Economic Experiments in Prisons

Despite the large economic and social costs of crime and the importance attributed by society and policymakers on the rehabilitation of criminal offenders, there is a relative scarcity of economic research on the behavior of prison inmates. Recently, a few studies using experimental economic methods have successfully overcome the practical and administrative challenges linked to this kind of research, yielding valuable insights on several aspects of the social and economic behavior of prison populations. One lesson that can be drawn from this literature is that differences in pro-social behavior (mainly altruism and cooperativeness) between prison inmates and samples of non-criminals are not systematic or consistent. Some studies find either very small, or negligible differences (Birkeland et al., 2014; Chmura et al., 2016), while others suggest that prison inmates are less pro-social than other groups of participants (Clark et al., 2015), or even more pro-social in some cases (Khadjavi and Lange, 2013; Nese et al., 2016).

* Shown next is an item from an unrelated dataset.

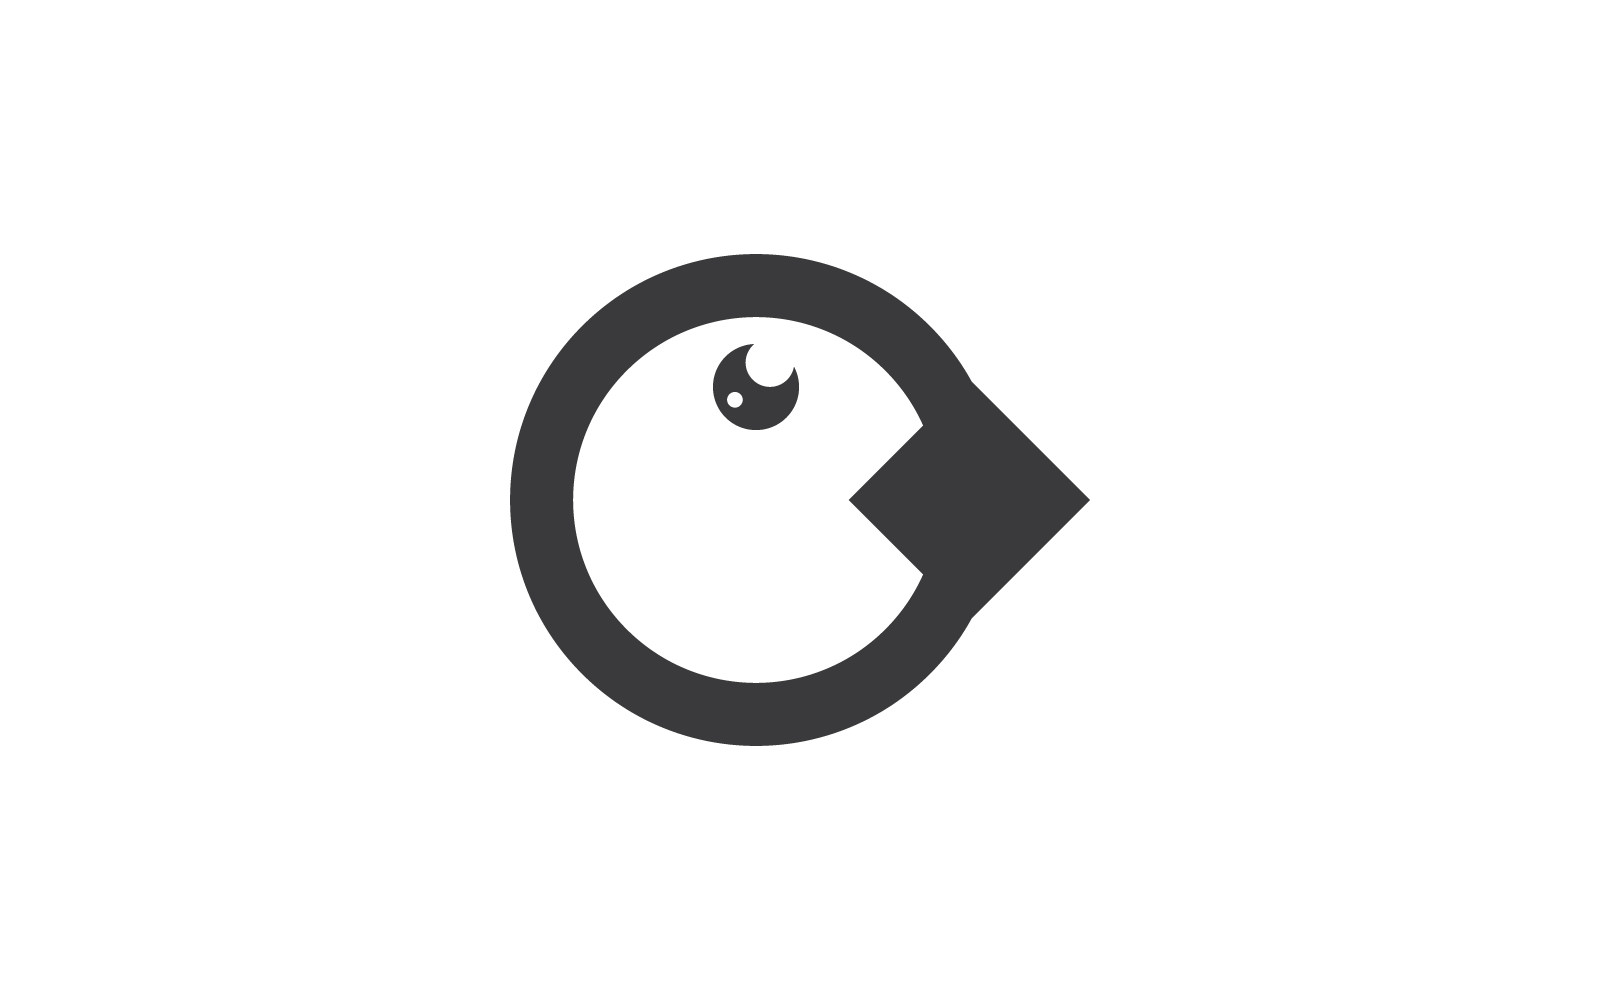 Penguin logo icon vector flat design

Besides documenting patterns of behavior among inmates and comparing them to different samples, a few recent studies in prisons have considered topics such as the deterrence effect of punishment on antisocial behavior (Khadjavi, 2015), criminal identity and ethical behavior (Cohn et al., 2015), and the existence of in-group bias within a stigmatized group such as prison inmates (Balafoutas et al., 2020). Guo et al. (2020) differentiate between inmates' behavior toward an in-prison and out-of-prison sample and show that a simple priming intervention can promote rehabilitation by strengthening inmates' pro-social behavior toward the out-group. The current study uses, in part, the same sample as Balafoutas et al. (2020), but it studies an entirely different and hitherto unanswered question on the relationship between psychopathy and behavior among prisoners.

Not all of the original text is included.